Scratchings on "The Castle"

Kafka's final, unfinished novel is an unsolvable puzzle - and that's the point.

BOOK REVIEWS
FRANZ KAFKA

By Liam Coley | Published 16/12/2024

Much ink has been spilled parsing out Kafka's unfinished final novel. Ready-made allegories applied to the book seem to fall apart on one detail or another. Perhaps K's fruitless journey to the titular Castle is a religious metaphor? Or a commentary on the state and bureaucracy? Perhaps the Castle is Lacan's objet a? Maybe K.'s journey is an allegory for growing up, for life itself? Or maybe the Castle is meant to represent one of Timothy Morton's Hyperobjects - too huge to comprehend, yet entwined with everyone and everything in the village?

My take is that it is none of these. "The Castle" as an allegory is as incomprehensible as its titular subject. It is quintessentially Kafka. The narrative comes second to the metanarrative, to the feeling of walking alongside K., of trying to understand the machinations of The Castle, of wading through deeper and deeper snowdrifts. The feeling of reading this book is the point; it is a book where the words on the page are merely there to facilitate an experience. As K.'s plight becomes more and more hopeless the pacing slows down. We get pages and pages of dialogue that, ultimately, have no bearing on the story. Characters contradict each other, and themselves (often in the same breath). The already bleak world of the village feels as though it's closing in. A cloying darkness, a meticulously described haze, a constant stream of ultimately unimportant detail. The confusion, the frustration, the unsolvable puzzle at the heart of "The Castle" is the crux of the novel. Indeed, Kafka himself found the maze he constructed so labyrinthian that he famously could not finish the book; reportedly throwing down his pen in frustration mid-sentence and writing to his long-time friend Max Brod "I have not spent this past week very cheerfully, for I have had to give up the Castle story, evidently for good."1

Ironically, I cannot envision a more appropriate way to end the story of K. than to leave it cut short.
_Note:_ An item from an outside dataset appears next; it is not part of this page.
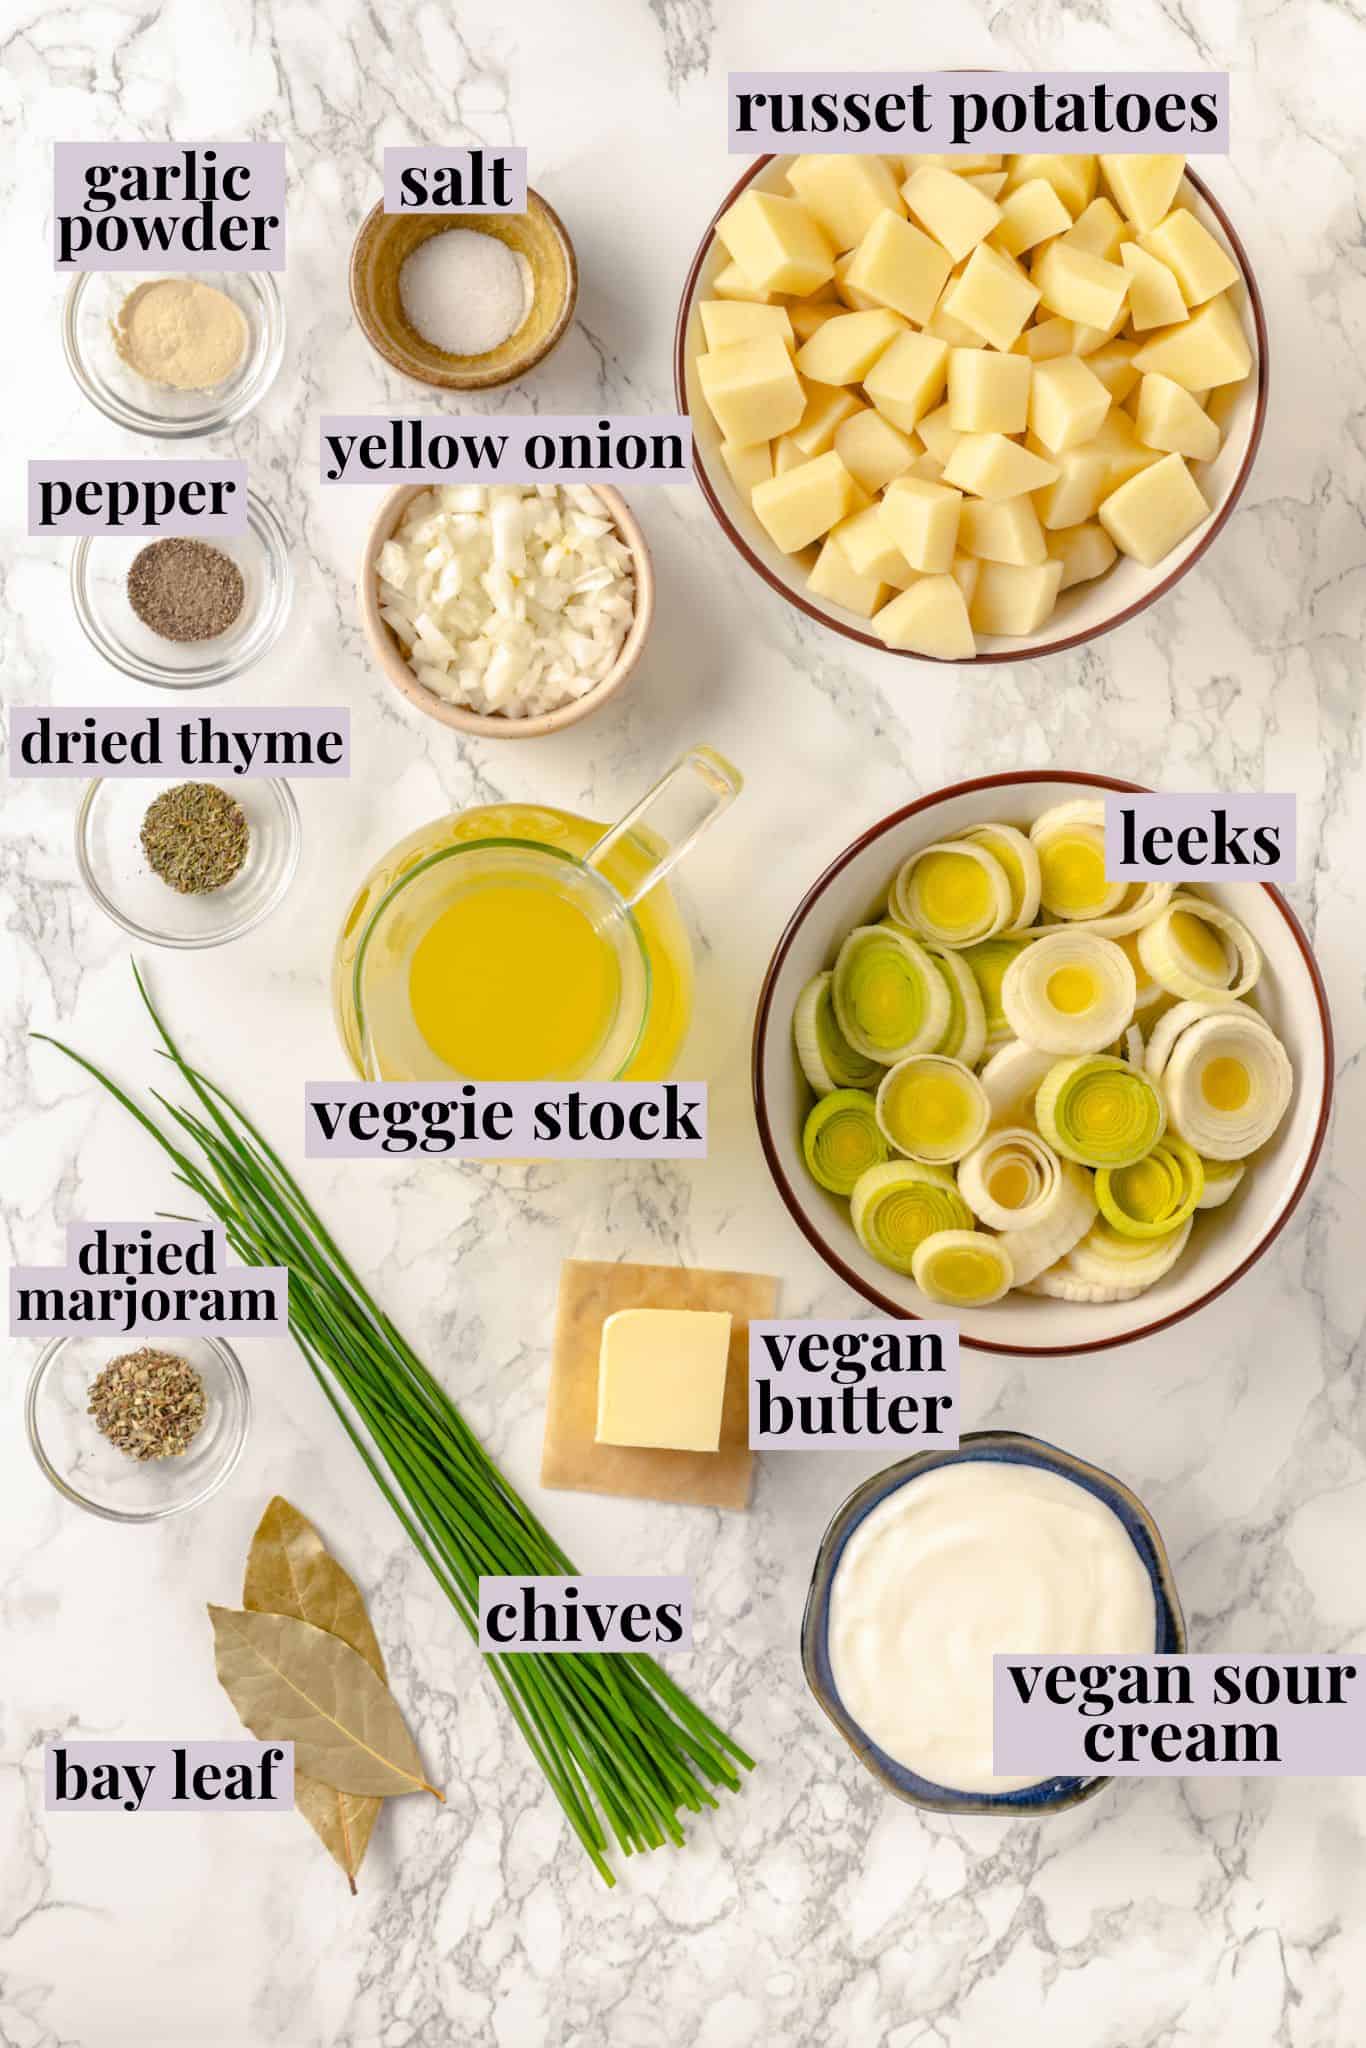 Overhead view of ingredients for vichyssoise with labels

It's a cliche to say that a book must be experienced, but in this case, it is true. K. is not the subject - you are. The Castle is a particular conception of life - absurd, incomprehensible, liquid, and shifting into a new form just as the edges of the old are found. Reality has always been fluid, but the advent of the Enlightenment and the ensuing 300 years of thought have fooled us into thinking it is quantifiable; that it is measurable. This is hubris, and Kafka understood, nay, felt this on a level that few others have before or since. His bureaucratic systems are almost humorous in their nonsensicality, but they are never as far away from reality as they first appear.

Footnotes

  1. Kafka, F. (1998). The Castle (M. Harman, Trans.). Schocken Books; Afterword to the German Critical Edition.